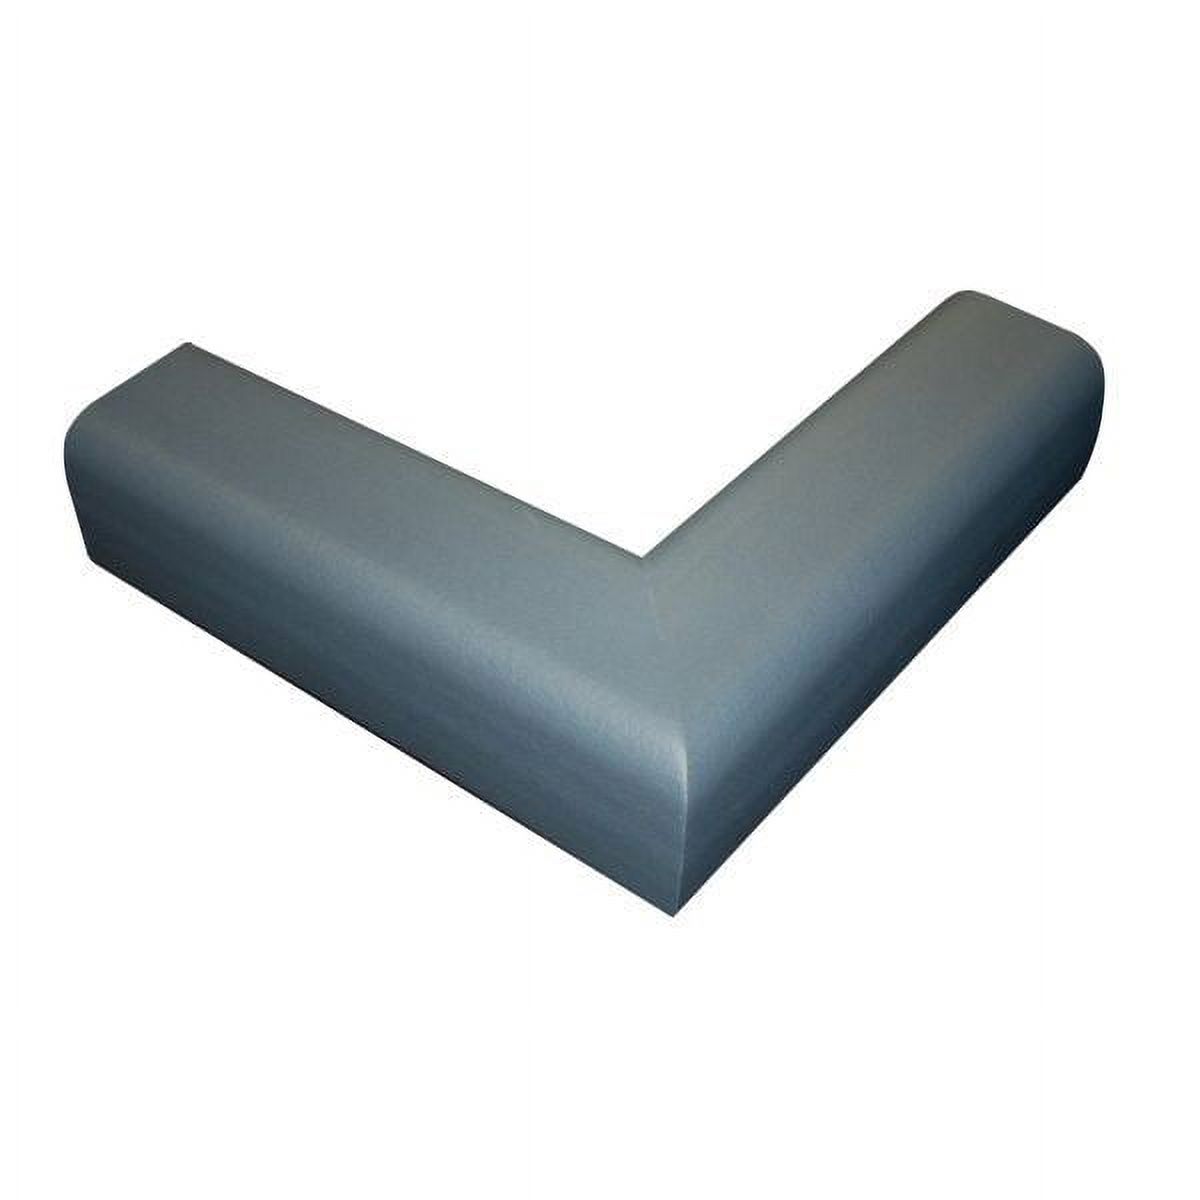 Cardinal Gates Hearth Pad Kit for Fireplaces - image 1 of 2
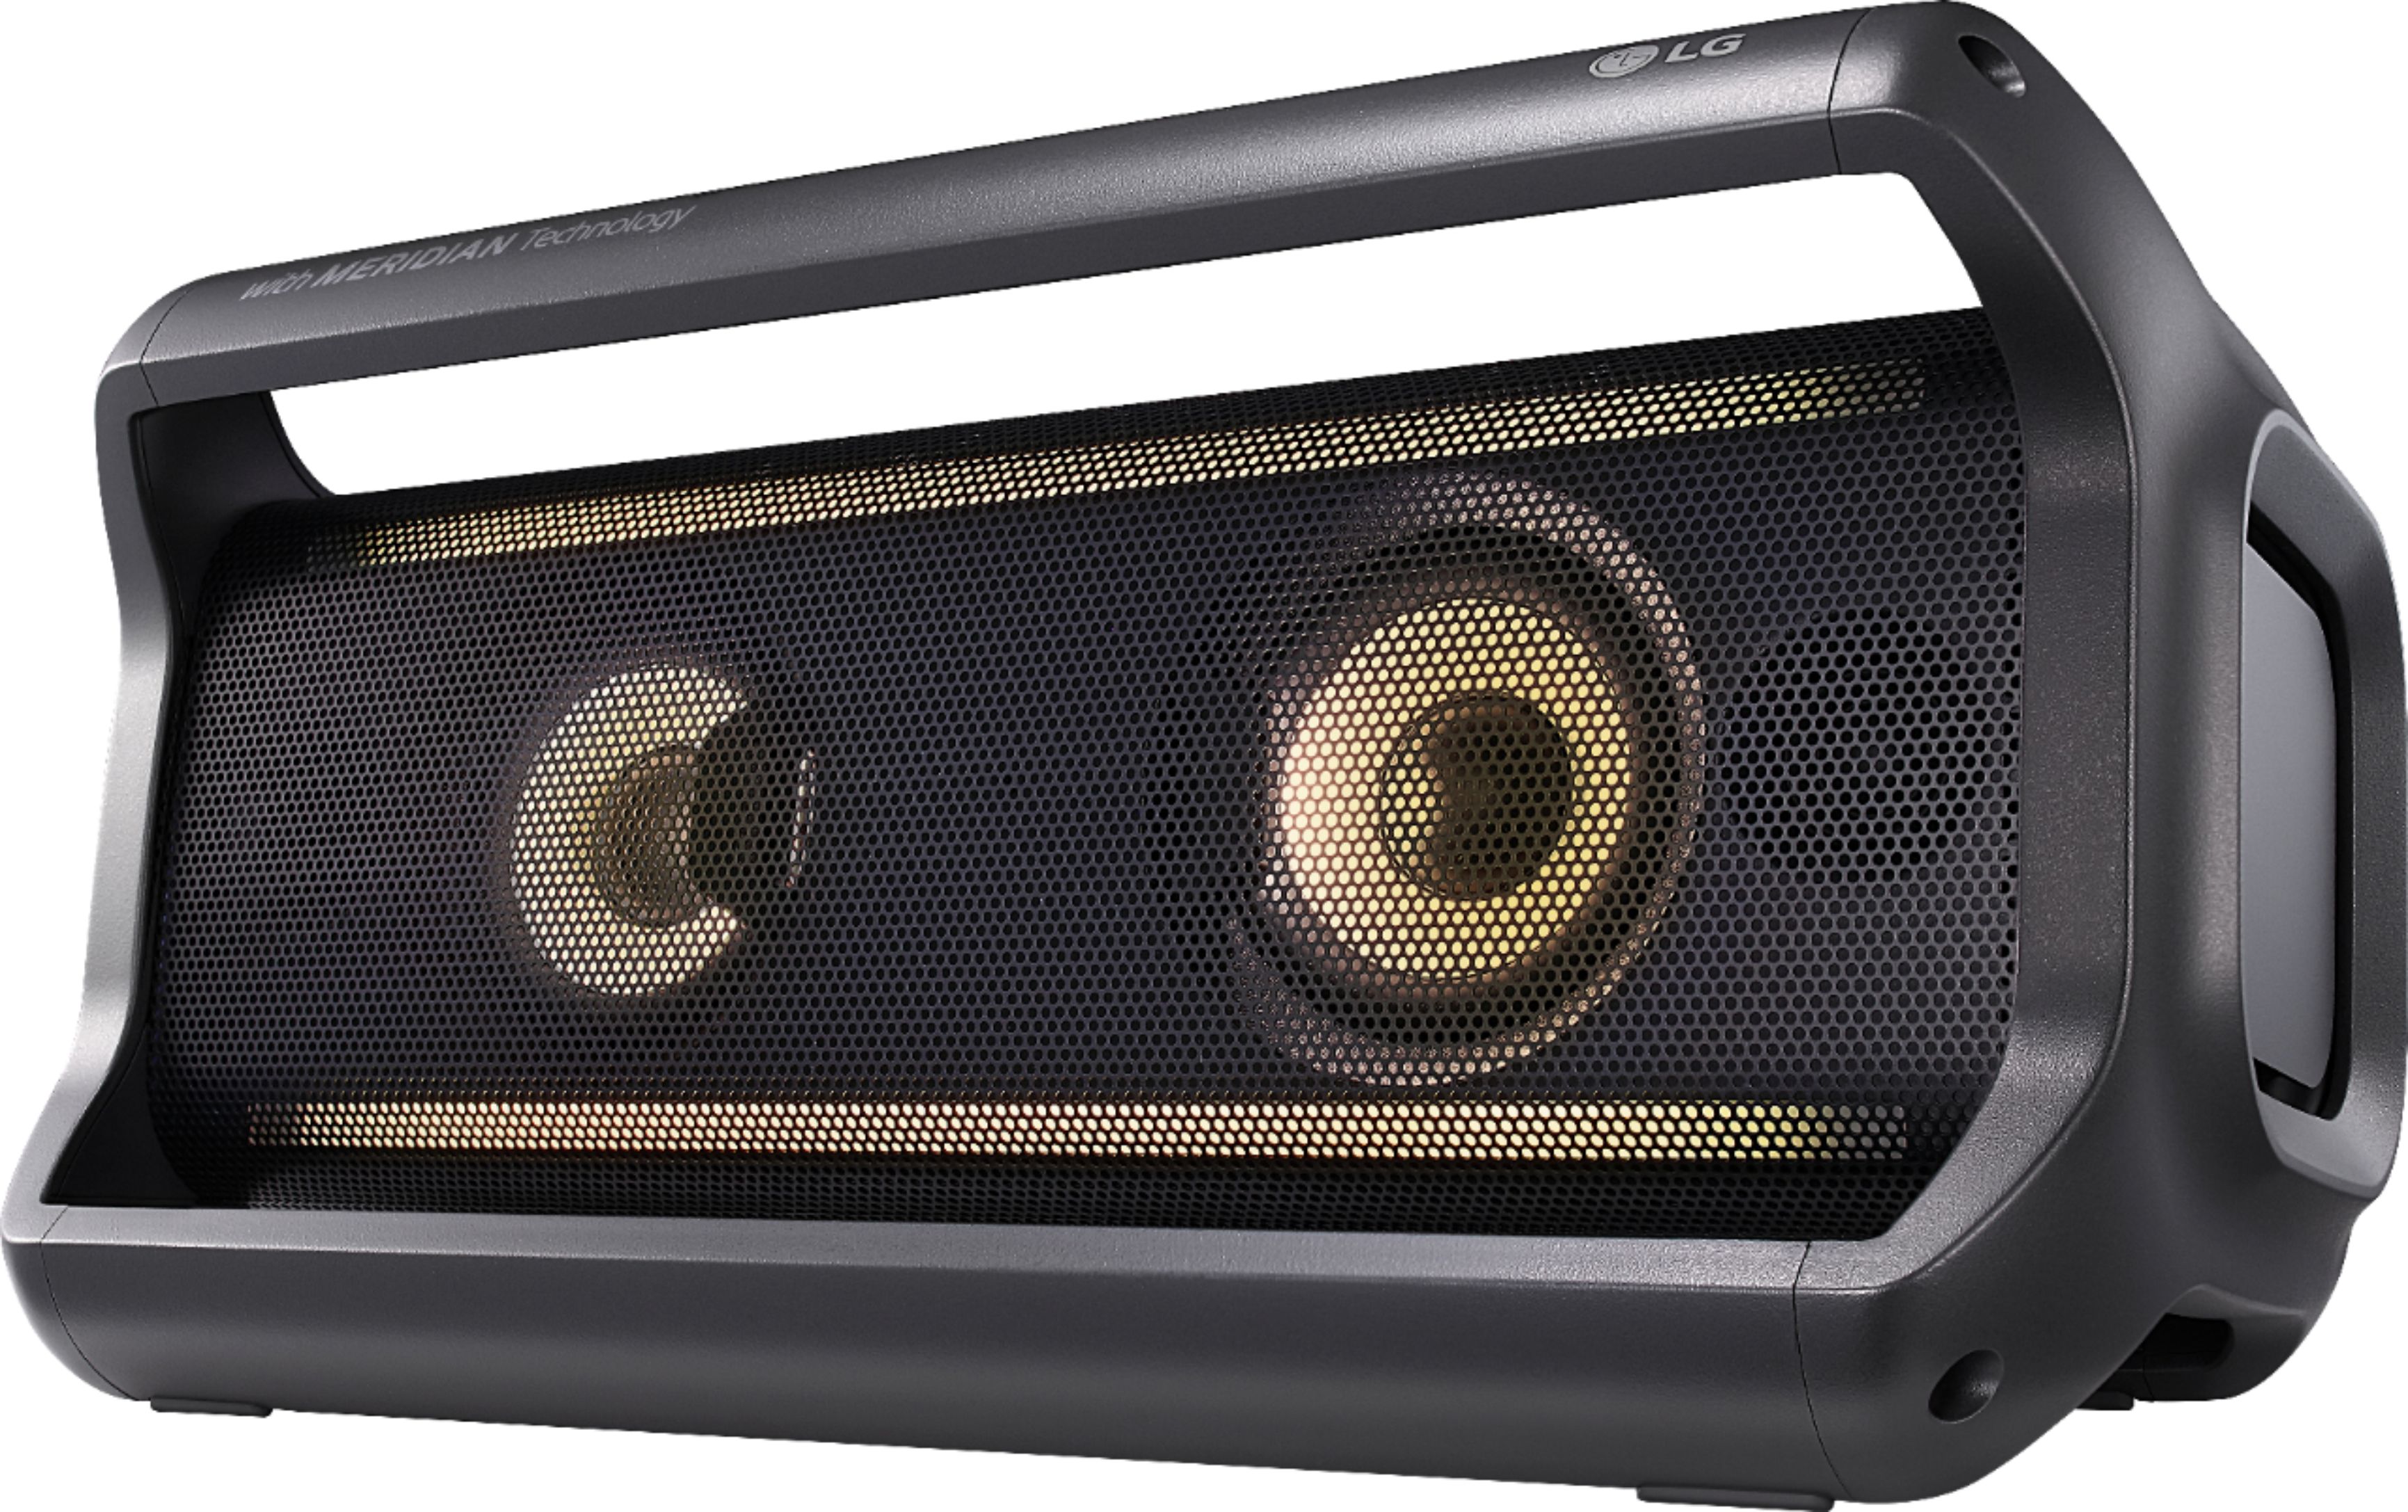 LG Xboom Go PK7 Is a Portable Speaker With Great Sound
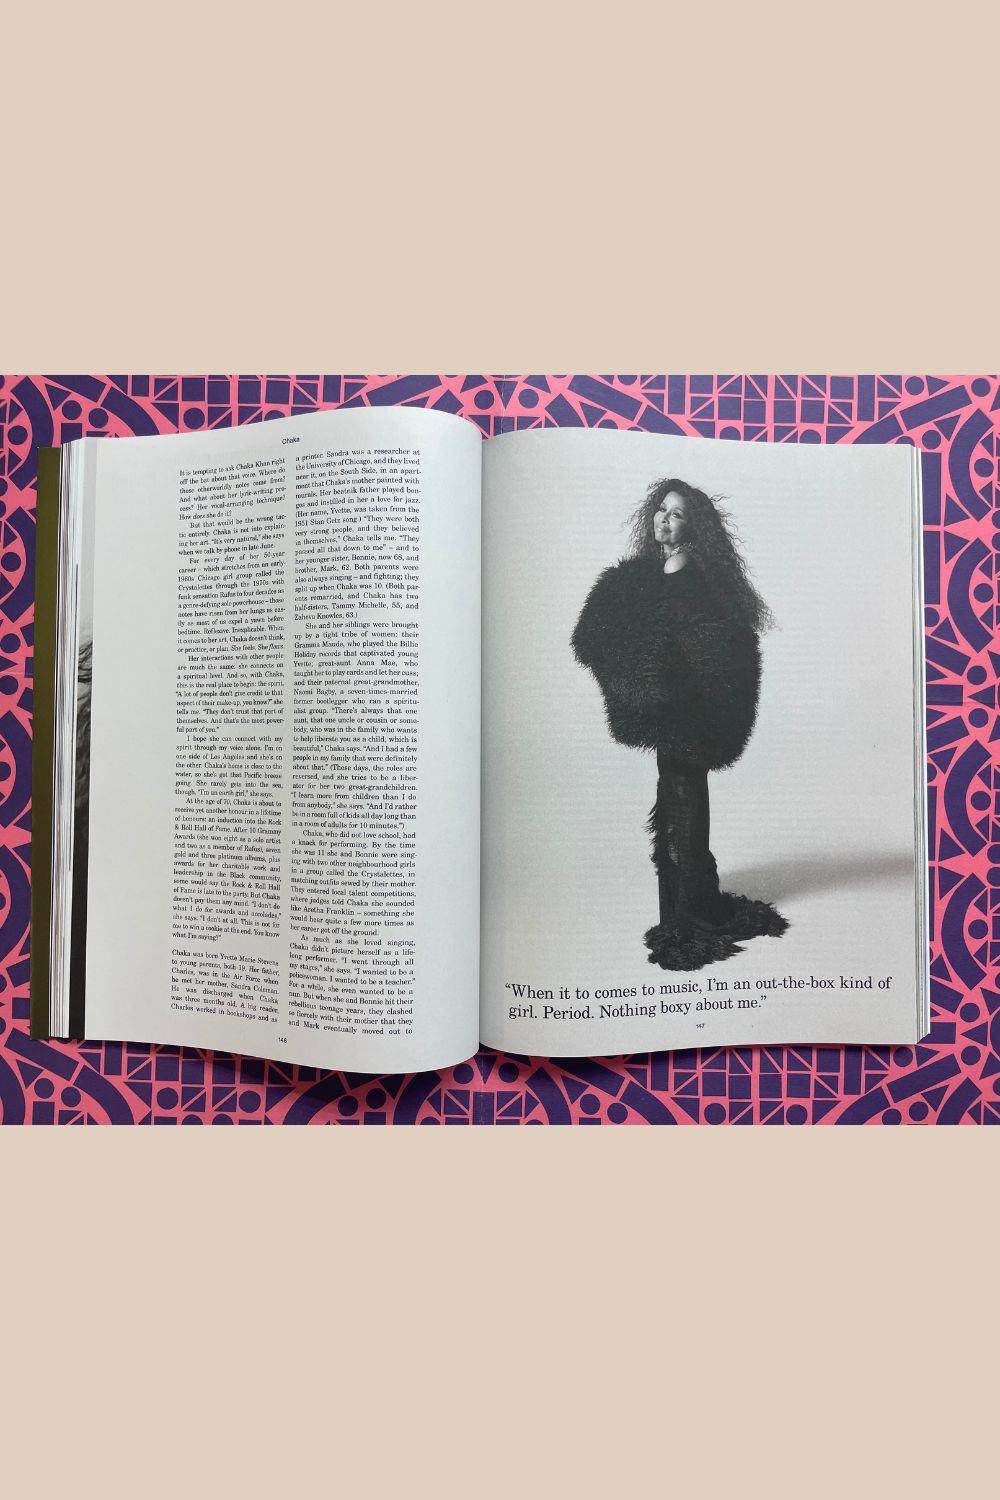 The Gentlewoman Issue 28

★ ★ ★

- **Directions for this task**
Transcribe the whole listing above exactly and leave out the pictures.

- **Answer box**
 Cardinal Gates Hearth Pad Kit for Fireplaces - image 1 of 2
 LG Xboom Go PK7 Is a Portable Speaker With Great Sound
 The Gentlewoman Issue 28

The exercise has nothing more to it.